If I were 30 years younger, I might become obsessed with this movie. Now, though, my thought was more like, "Where have you been all my life?" An astounding movie that pushes the film noir genre to its logical extreme. I could not believe my eyes when I saw it for the first time last night. Never even heard of it -- can you believe it?!
How extreme, you ask? When it comes to the femme fatale, this femme is most unapologetically and unrepentantly fatal. Jane Greer's character, Kathie, is not fundamentally different from other female villains of this type, but her depth of badness is almost unrivaled in all of English-language cinema, except perhaps Sharon Stone in "Basic Instinct." Her power comes as much from her beauty as from the purity of her evil. It's so delicious as to be revolutionary. (One of these days I have to write something about the importance of bad women.)
And then the complex plot. The highly stylized dialog is faithful to the hard-boild pulp tradition but a tad more dense than average, perhaps even more so than "The Maltese Falcon" or "Double Indemnity." Plotwise it is more elegant and, although complex, more logical and believable than the aforementioned two classics. I felt a happy tingle down my spine when Robert Mitchum's Bailey muttered to himself in the taxi, "It's a frame." The merciless pacing nearly broke my neck. Plotting is a lost art in modern American cinema. I have not seen anything on par with this plot since "LA Confidential." (Sorry Rian Johnson. Your mysteries are but child's play in comparison.)
Finally, there's the cinematography. I expected the typical shadows and lights, but I did not expect them to be toyed to this extent. The night scenes and the day scenes; the indoor scenes and the outdoor scenes. Every scene is ever so slightly more stylish and more intense than the best noir I have seen. I had to pause the streaming to check that it was indeed made in the 1940s, because it is so full of expressionist images that I thought surely it had to be a decade or two later. The images feel meta; they feel like a distillation of the very best techniques in all film noir, years after the entire treasure trove has been savored, digested, and transformed.
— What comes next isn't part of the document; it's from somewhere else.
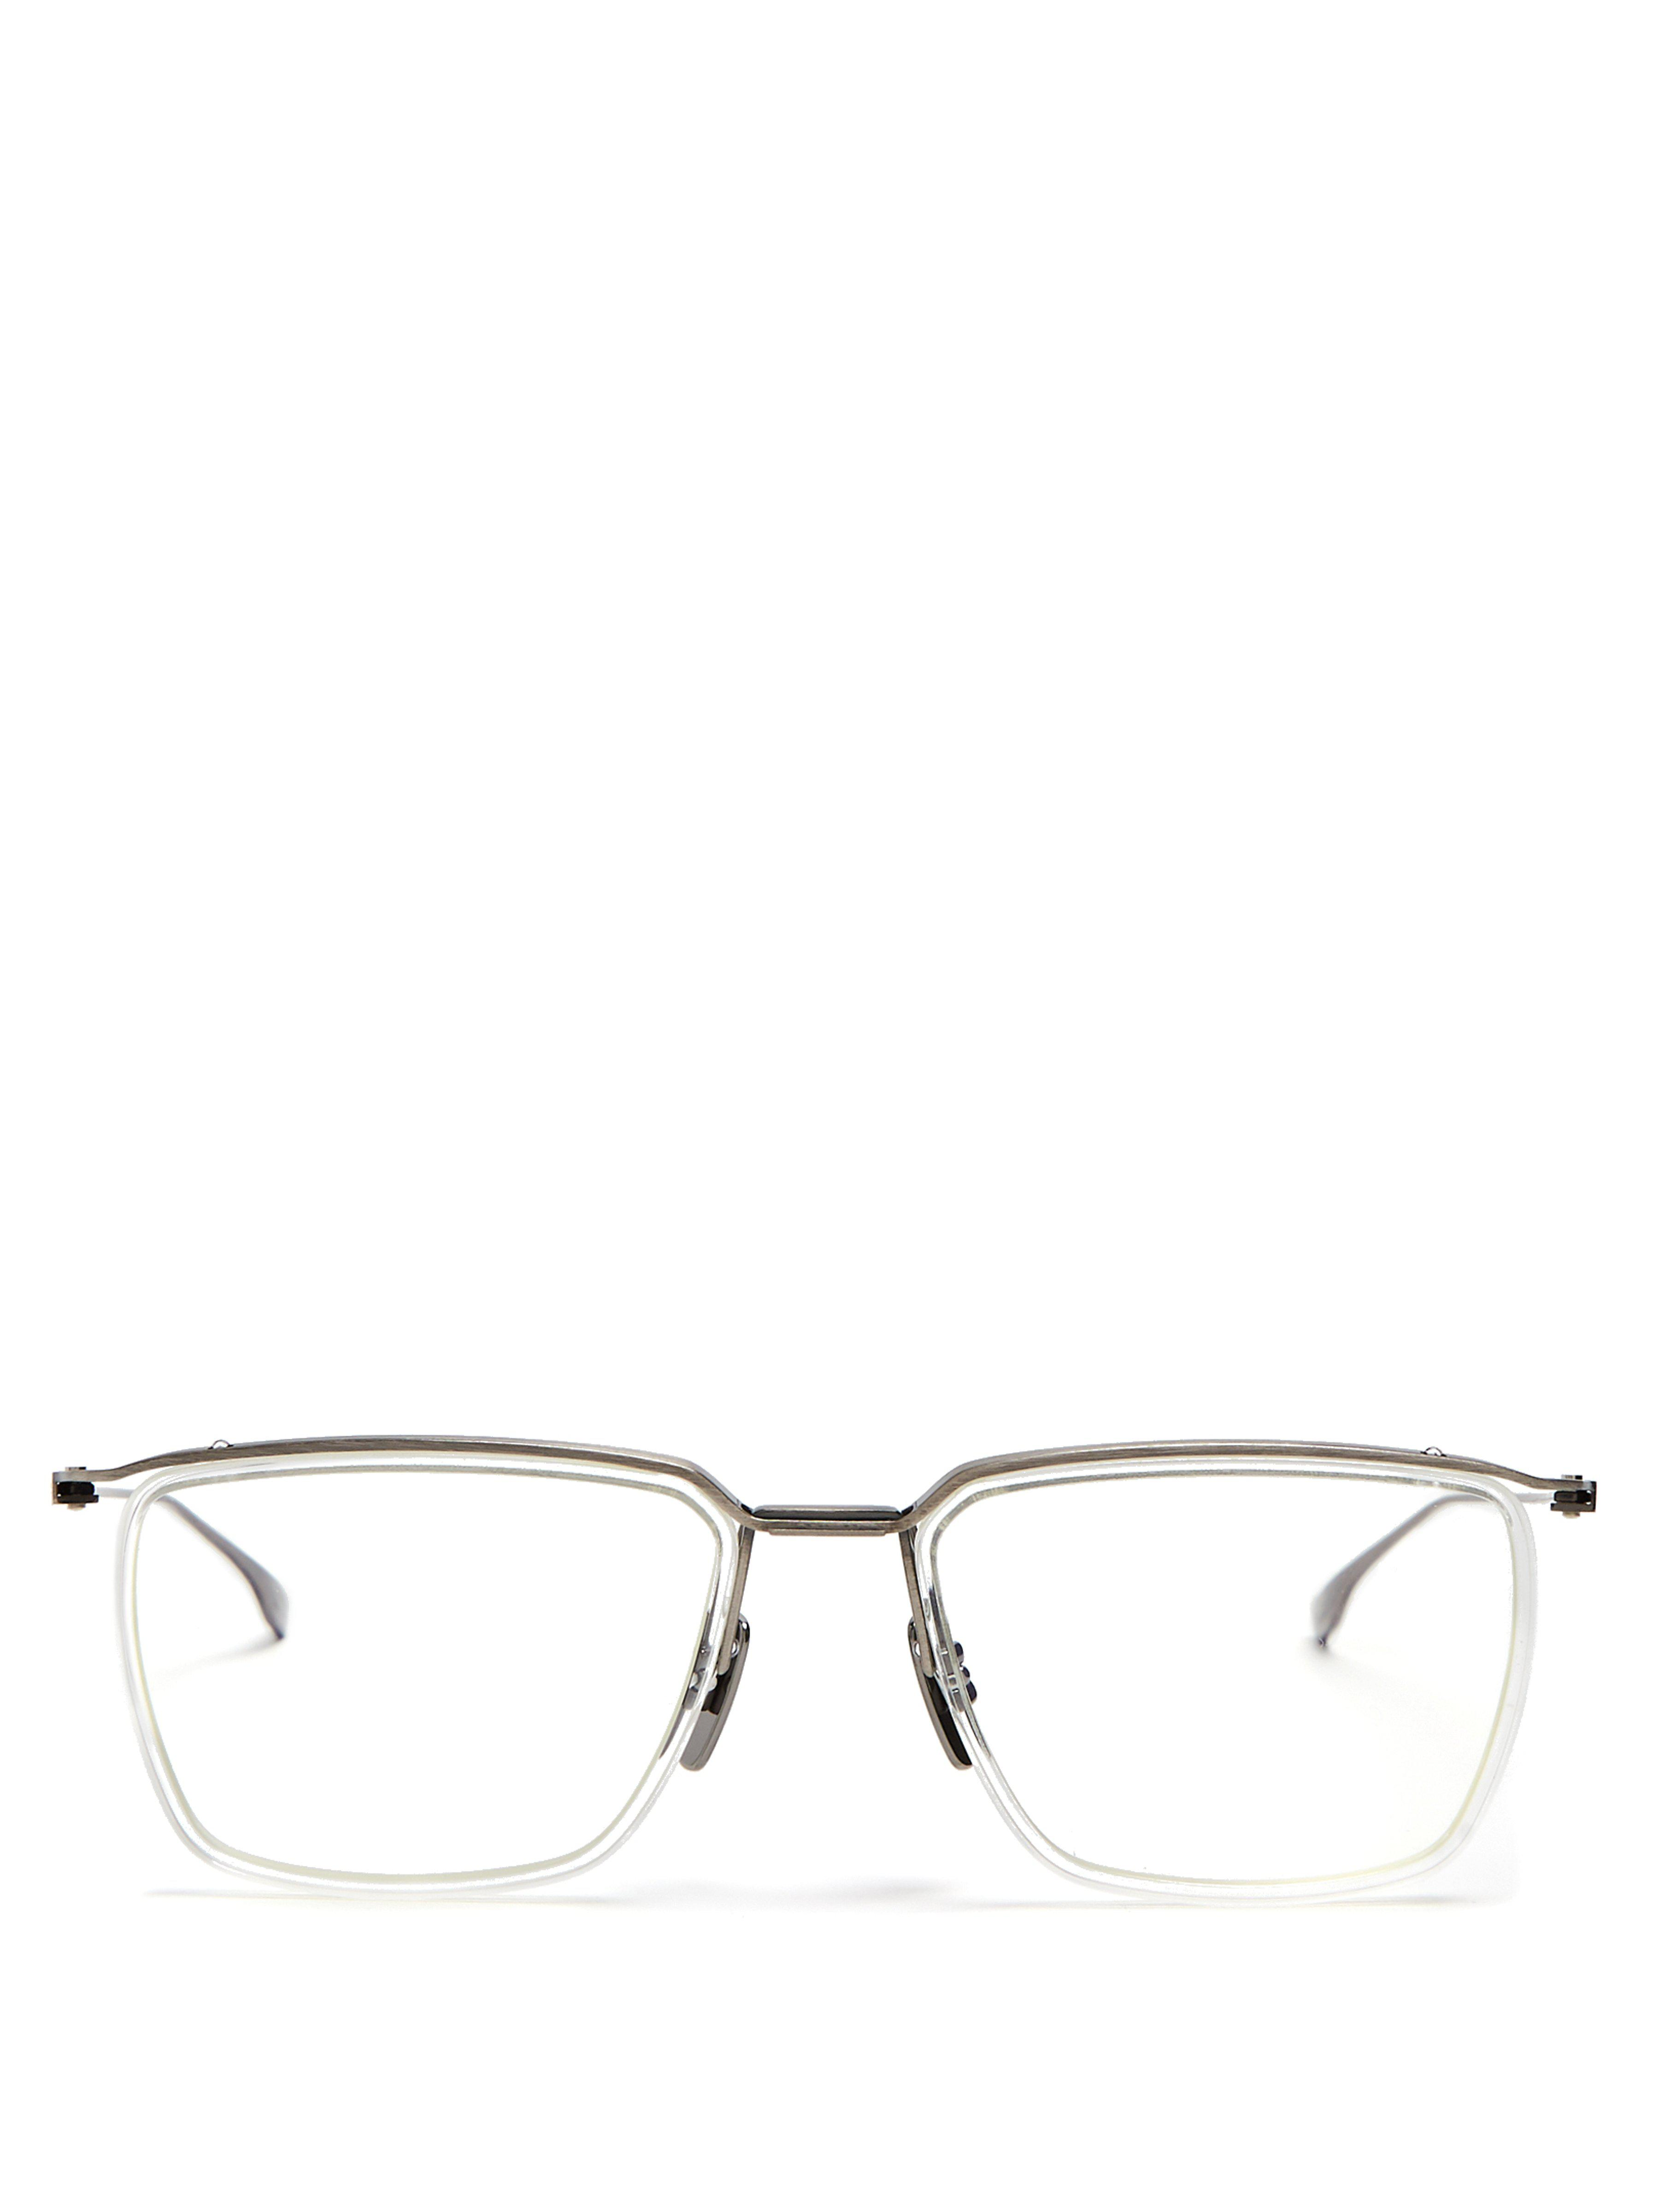 9ede269ec96 Dita Eyewear Schema Square Frame Glasses in Metallic for Men - Lyst

I grew up on Raymond Chandler, who, despite his glorious prose, is too sentimental. This I have to admit at my crusty old age. "Out of the Past" is nearly entirely unsentimental about human lust and greed, but it does not work too hard to be performatively cynical, either. Nobody is a patsy, not really, which distinguishes itself from Dashiell Hammett's tendencies. Every time the plot appears to drift dangerously into a genre convention, the scene cuts away on the cusp of cliche. The only discordant note was Bailey's non-femme-fatale girlfriend Ann, who threatens to ruin the movie's realism with small-town American wholesomeness ... or so I thought. The ending, however, completely subverted my expectation and wrapped up the movie's ultimate perfection.